In my anxiety about the security of the economy, I cancelled the building work we had planned. My concern about a possible future (and therefore non-existent at that moment) downturn created a real-world, real-time loss of work for a friend and who knows who else as a result.

When I came out of the panic and into a clearer state of mind, I could see that the leave voters were just people like me trying to do their best. I could have actual conversations with people who had voted differently…(!) In a low state of mind, angry at division, I spread division. In a low state of mind, fearful about the economy, I take away income from someone. In a clear state of mind, I am more able to connect and actually hear someone.

If, when I hear of an attack on something I value, my stressful, fearful, low state of mind believes the thoughts telling me to distrust others, particularly those with certain beliefs. I fear and even wish harm on another because of what they think. If I believe my thoughts in a low state of mind and act on them, I am my own version of a terrorist.

In a clearer state of mind, I can look at every person in my life and see where what I believe about them gets it the way of my unconditional love and acceptance. At that moment I can see my thinking. This to me feels like the beginning of the end of discrimination and terrorism. Right here, in this moment, in this house.

When we take this to its logical conclusion we are left with what Garret Kramer, author of The Path of No Resistance, summed up so succinctly: “Any feeling, emotion, judgement, idea, concept or theory that comes from your ability to think (given that it’s subject to change) is not true. Love is the only thing that doesn’t come from your ability to think. Love is the only thing that’s true.”

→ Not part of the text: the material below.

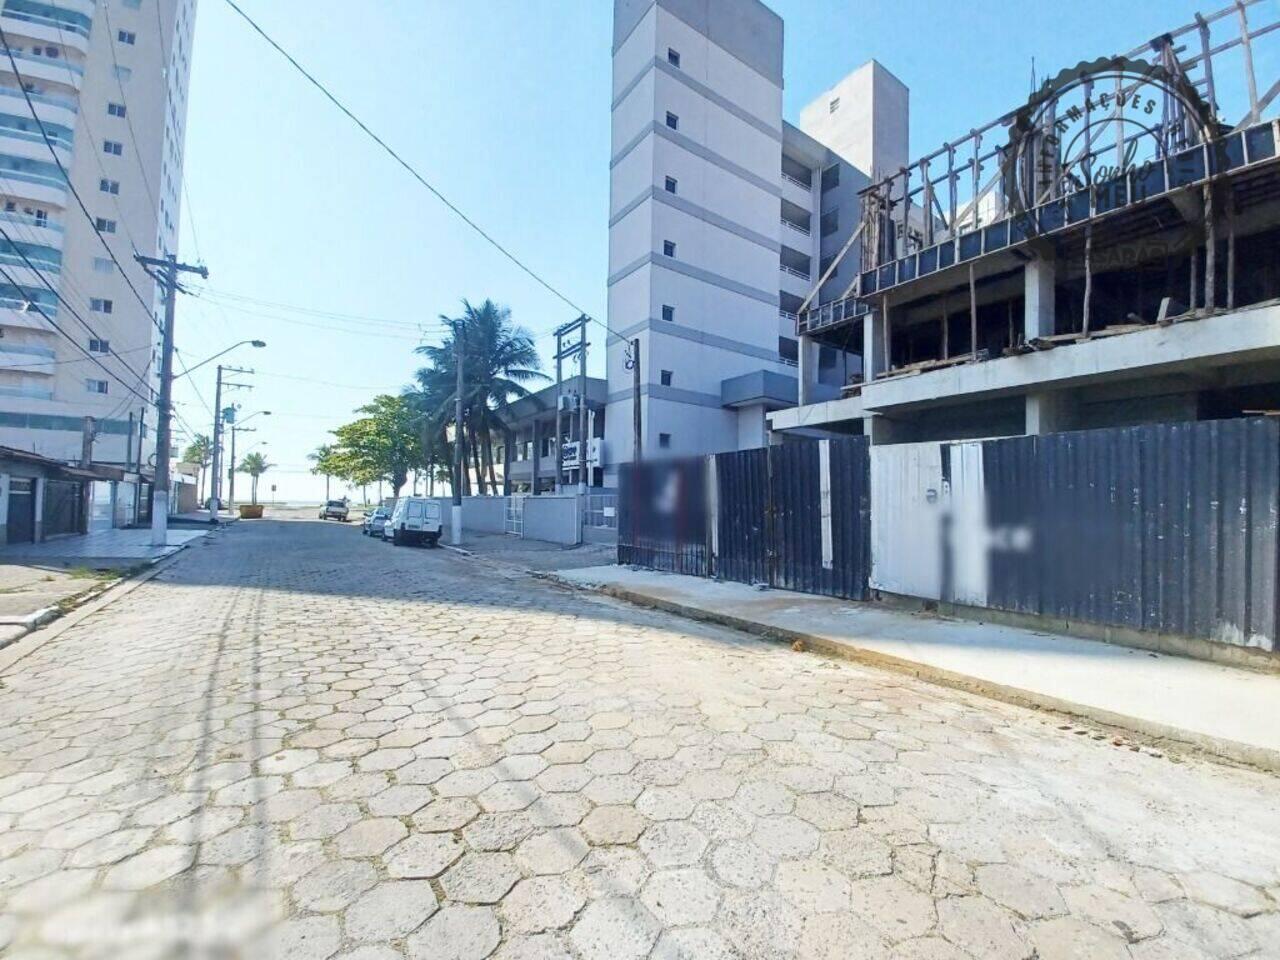 Apartamento Maracanã, Praia Grande - SP

His words have strong precedence. Gandhi said, “Whenever you are confronted with an opponent. Conquer him with love.” and Martin Luther Kind said, “Darkness cannot drive out darkness; only light can do that. Hate cannot drive out hate; only love can do that.”

When I take my low state of mind seriously, I am caught up in what I imagine and believe, in fear, anger, anxiety, hate. There are no solutions to this state however much I lose myself in trying to find them.

When I don’t take that low state seriously, I let the roller coaster of mind take its course and soon I will be back in touch with my innate love, creativity, peace and connection. And when the roller coaster goes back down and for that moment I lose that sense of who I am, I know that that is OK too.